|Where most projects begin|
When a project is designed as a speculation piece, its' design and construction has to stand out from the ordinary things people can buy elsewhere. The trick is to provide enough special details to set it apart without pricing it completely out of the market -- a tall order in these economic times! My forte is my emphasis on old world craftsmanship and hand cut joinery so dovetails were in order. The one area of dovetails that causes me the most grief is maintaining an even edge where the two pieces come together. I decided to try a technique I've read about where you cut a relief on the inside of the tailboard like this:
|Chisel the Shoulder Line|
It's easy to see that initial cut that will give a sharp, finished edge to the inside of the cabinet.
Something else I'd like to point out here as well. First, the board was scribed to the required thickness and angled tails were cut. Now, before using the saw to cut the shoulders I chiseled out a wedge of wood just as you'd do to remove area between the tails. Finally, I cut about a 1/16th. of an inch from the shoulder line. Why go to all of that? Let me show you:
|Paring the Shoulder|
Those initial cuts with the chisel give a great visual reference. Notice the different appearance of the wood where it's been sliced with the chisel (darker & smoother) compared to where it was cut with the dovetail saw which appears cloudy and fuzzy. By slicing diagonally it's fairly easy to achieve a smooth shoulder. Actually it would be better to undercut this than leave it high.
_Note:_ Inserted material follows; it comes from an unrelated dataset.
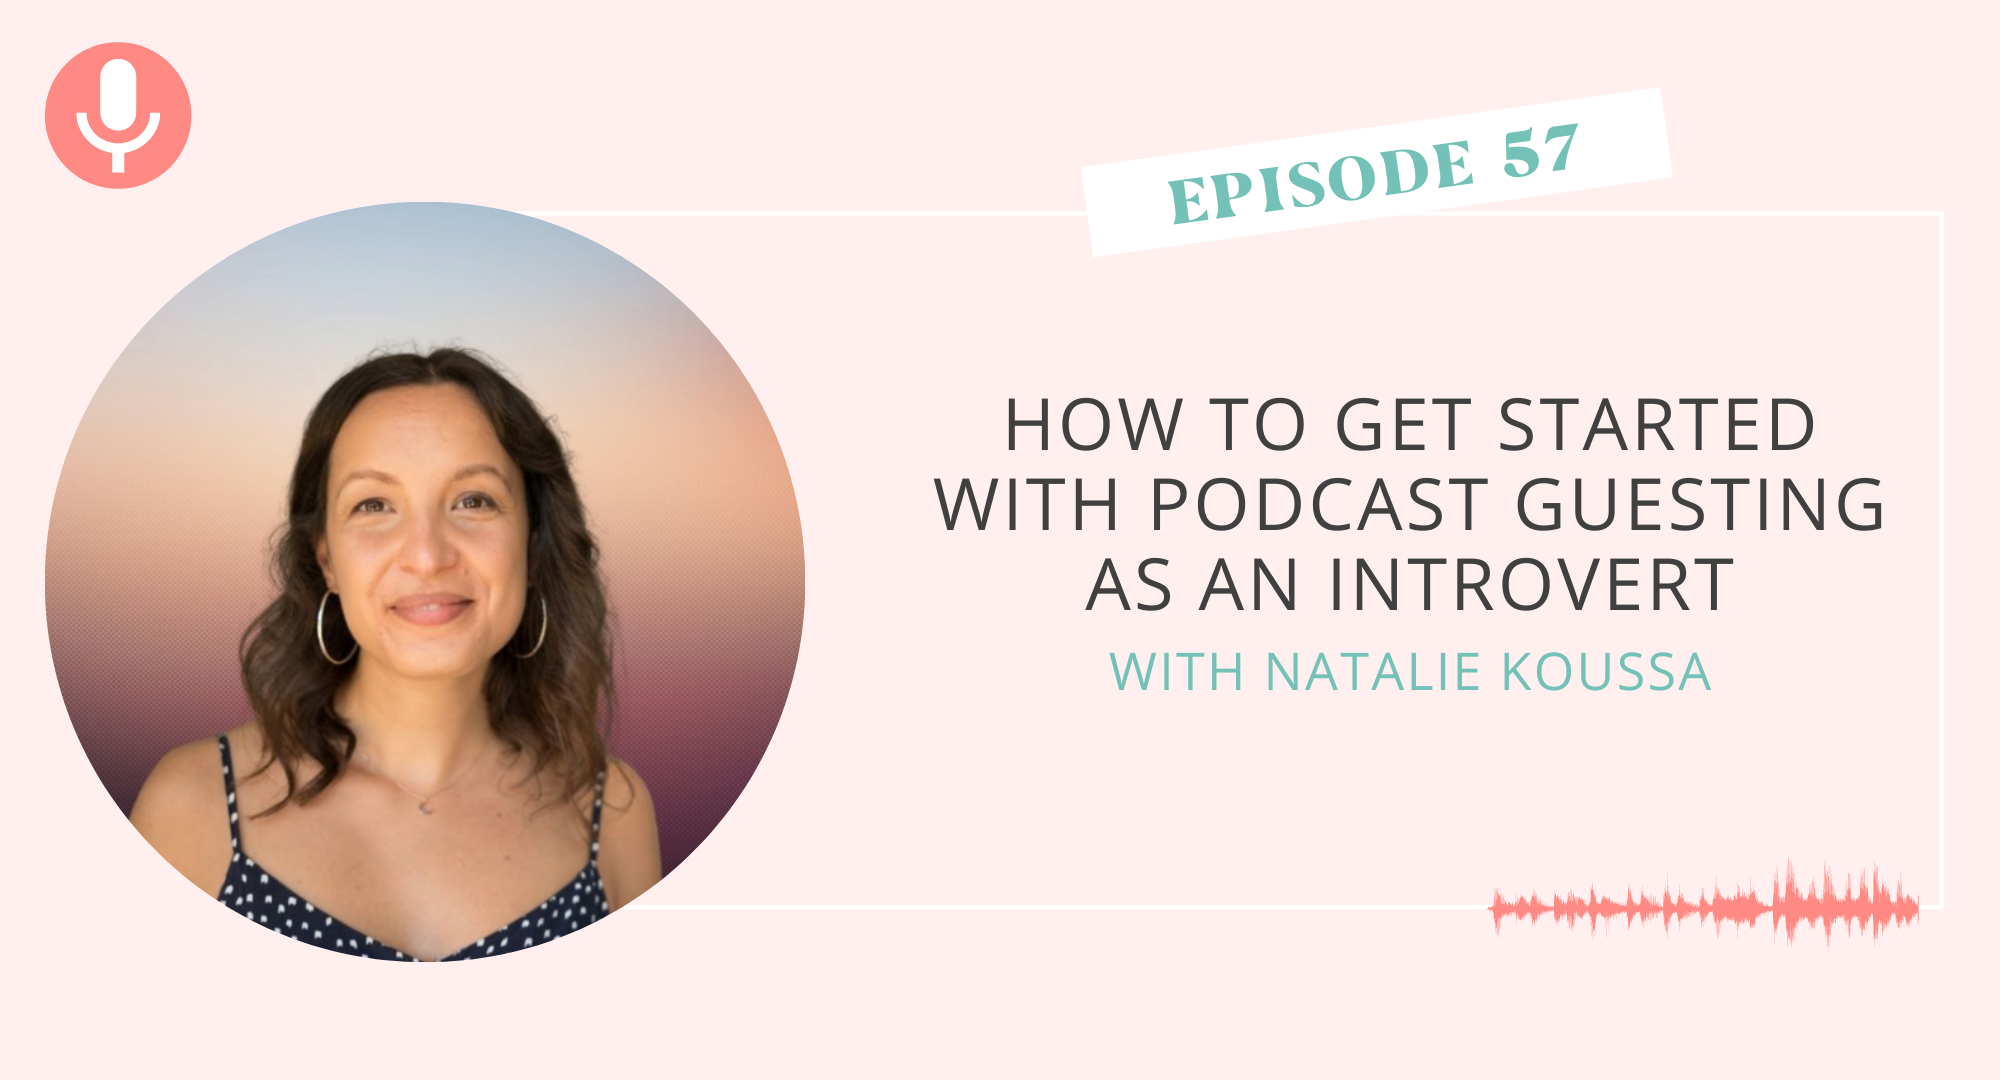 How to Get Started With Podcast Guesting as an Introvert

Another advantage to cutting that initial piece of the edge of the board is that it's much easier to line it up when you lay out your pin board:
|Transferring Tails to Pin Board|
|Removing waste from the Pin Board|
Now that the bottoms of the cases are dovetailed, the next step will be to cut a sliding dovetail for the center shelf. This will be done with a router using the same technique that Dennis Patchett showed at one of the Sin City Woodworkers meetings.